(9.2.21) Giftzwerge
Wie ich höre, fragen derzeit irgendwelche Pro-Citybahn-Aktivisten in irgendwelchen sozialen Medien die BI Mitbestimmung, ob sie die Stimmung in Wiesbaden vergiftet hätten, um der FDP Wahlkampfhilfe zu leisten.
Ich schreibe „irgendwelche“, weil ich selbst mir den Luxus leiste, nicht in sozialen Medien unterwegs zu sein. Mein Respekt gilt den BI Mitbestimmung-Kollegen und Kolleginnen, die das auf sich nehmen und den teils ziemlich aggressiven Spinnern, die dort unterwegs sind, die Stirn bieten.
Wenn ich mich an die Zeit vor dem Bürgerentscheid erinnere, fällt mir der Merkurist ein (R.I.P). Kaum daß man da einen Kommentar geschrieben hatte (ich habe mir den Spaß ein paarmal gegönnt, bevor es zu nervig wurde), kam zuverlässig die immer gleiche Rotte von Pro-Citybahn-Aktivisten an und hat sich auf diesen Kommentar gestürzt. Ich habe mich immer gefragt, was diese Leute eigentlich den ganzen Tag so machen – es kam mir so vor, als würden sie nur über Onlinemedien kreisen, immer bereit, auf alles niederzustoßen, was sich bewegt.

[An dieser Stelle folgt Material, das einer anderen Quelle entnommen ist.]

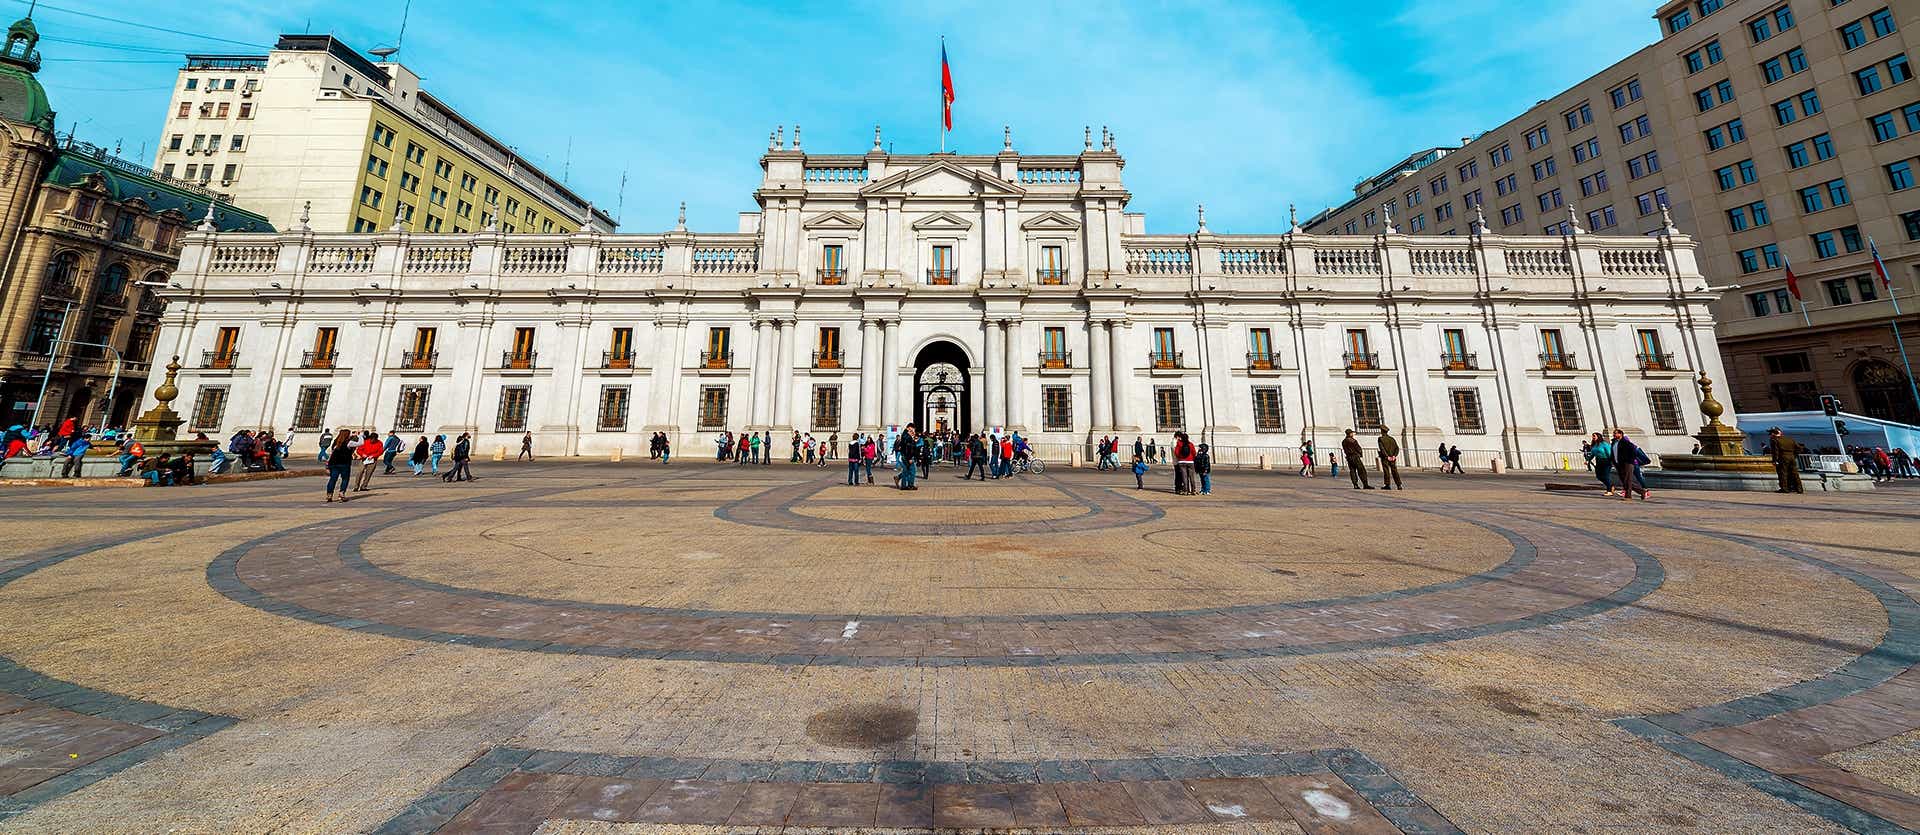 Palacio de La Moneda <span class="iconos separador"></span> Santiago <span class="iconos separador"></span> Chile
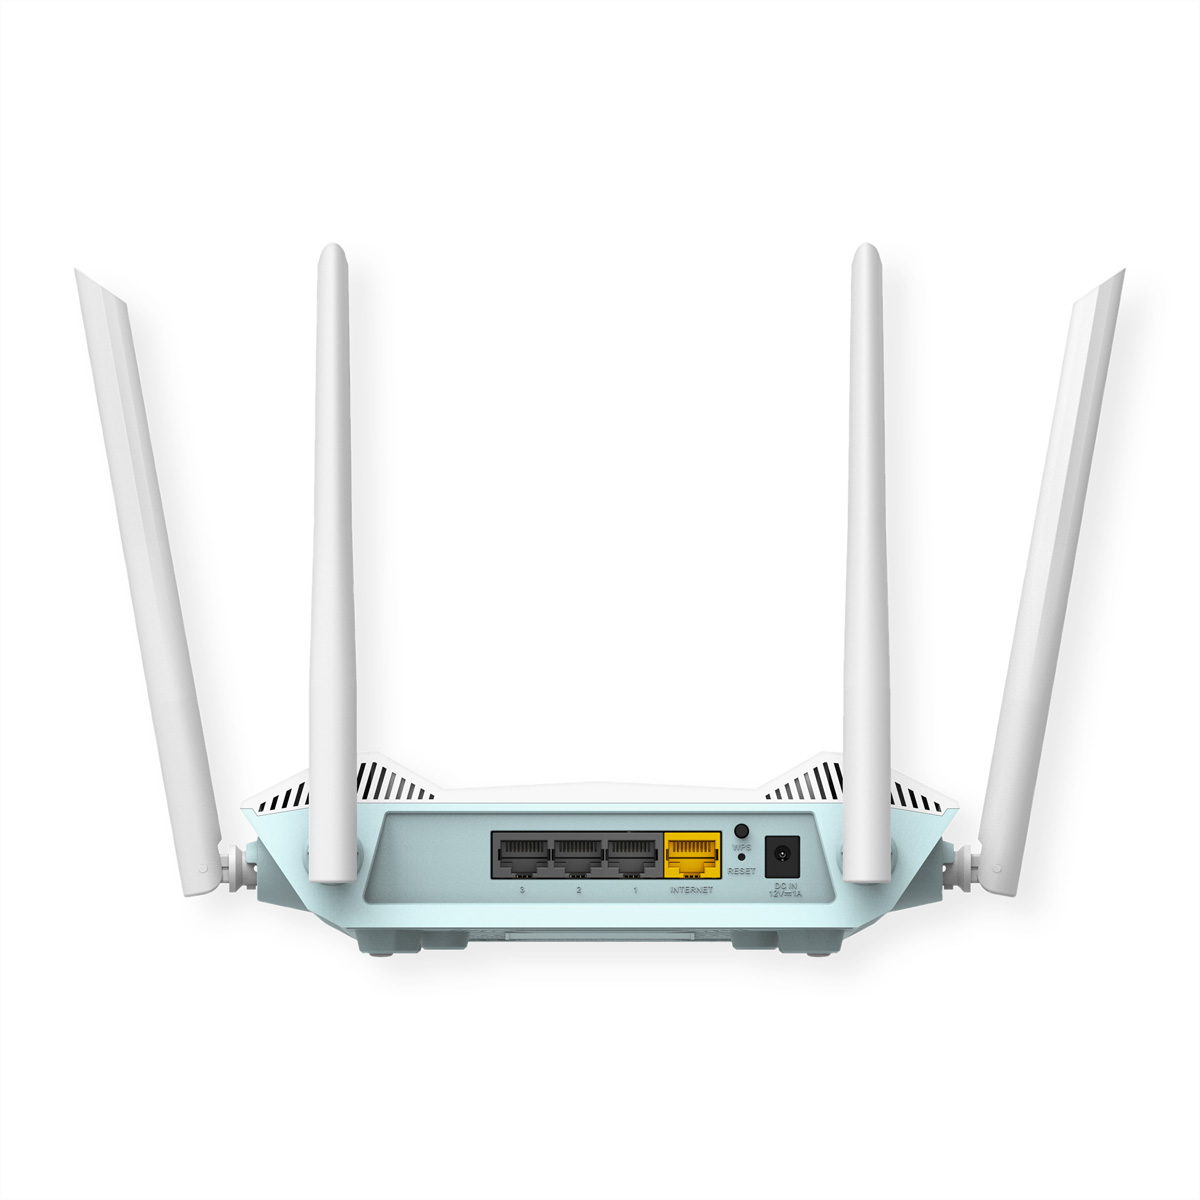 Gbit/s AI D-LINK Smart R15 1,5 Router Access Point PRO AX1500 EAGLE

Aber ich schweife ab. Also: Beim Lesen dieser „vergiftet“-Pseudofrage dachte ich, das ist ja lustig. Die Leute, die jahrzehntelang versucht haben, die Wiesbadener mit einer Eisenbahn quer durch die Stadt zwangszubeglücken, beschweren sich über „Vergiftung“ der Stimmung.
Rekapitulieren wir doch noch mal: Da wurde jahrelang mit massivem Einsatz von Steuergeld und Quasi-Steuergeld, massivem Einsatz diverser Aktivisten im Journalistenpelz, massivem Einsatz von Politprominenz und den Ressourcen einer ganzen Stadt und städtischer Unternehmen versucht, ein Projekt durchzupeitschen, das, wie es sich dann herausgestellt hat, von einer deutlichen Mehrheit der Bürger (62% dagegen, 38% dafür) abgelehnt wurde. Und selbst dieses Ergebnis wurde wohl nur durch massive Propaganda und den Einsatz diverser Euromillionen für „Kommunikation“ erreicht. Ich vermute, bei einer fairen Verteilung der Ressourcen wäre für „Pro“ eher etwas in der Größenordnung heutiger SPD-Bundestags-Wahlprognosen herausgekommen.
Die Zeichen, daß dies so kommen würde, waren von Anfang an deutlich; das hat die Protagonisten aber immer nur weiter angespornt, mit immer verzweifelteren Mitteln zu arbeiten (denken Sie auch noch an die Fragestellung zum Bürgerentscheid?)
Das hat Wiesbaden gespalten und teilweise die Stimmung in der Stadt vergiftet. Wenn ein Verkäufer immer aufdringlicher wird und auf höfliches „nein danke“ nicht reagiert, auch wenn es mehrfach wiederholt wird, muß man eben anfangen, lauter zu sprechen. Stellen Sie sich vor, dieser aufdringliche Verkäufer wirft Ihnen dann vor, Sie hätten die Stimmung vergiftet, weil Sie sein Produkt abgelehnt hätten – crazy, oder?
Sowas erinnert mich an Trump – hat er nicht mal gesagt, er sei bereit, jedes Wahlergebnis anzuerkennen, solange es ihn als Präsidenten bestätigt?
Ich nehme sehr wohl war, daß in einschlägigen Kreisen immer noch der Citybahn hinterhergetrauert und auf die nächste Chance gewartet wird, das Ding doch noch durchzudrücken. Es würde mich auch nicht wundern, wenn die Grünen – offiziell ja große Fans von Bürgerbeteiligung (solange es ihren Zielen dient, wie man beim Thema Citybahn gelernt hat) ihre Regierungsbeteiligung in Hessen nutzen würden, das Instrument Bürgerbegehren/Bürgerentscheid zu beschneiden oder irgendwie auszuhebeln. Ich denke dabei an die Begründung der Nichtzulässigkeit des Bürgerbegehrens der BI Mitbestimmung, Stichwort Kostenabschätzung. So wie ich das sehe, lief das im Kern darauf hinaus, daß für ein erfolgreiches Bürgerbegehren Informationen benötigt werden, die noch nicht mal die „Obrigkeit“ hat beziehungsweise ganz sicher nicht herausrücken wird, wenn es sich irgendwie machen läßt.
Also, liebe Citybahn-Freunde: Nein heißt nein. Lernt damit zu leben. Und das ist gar nicht giftig gemeint.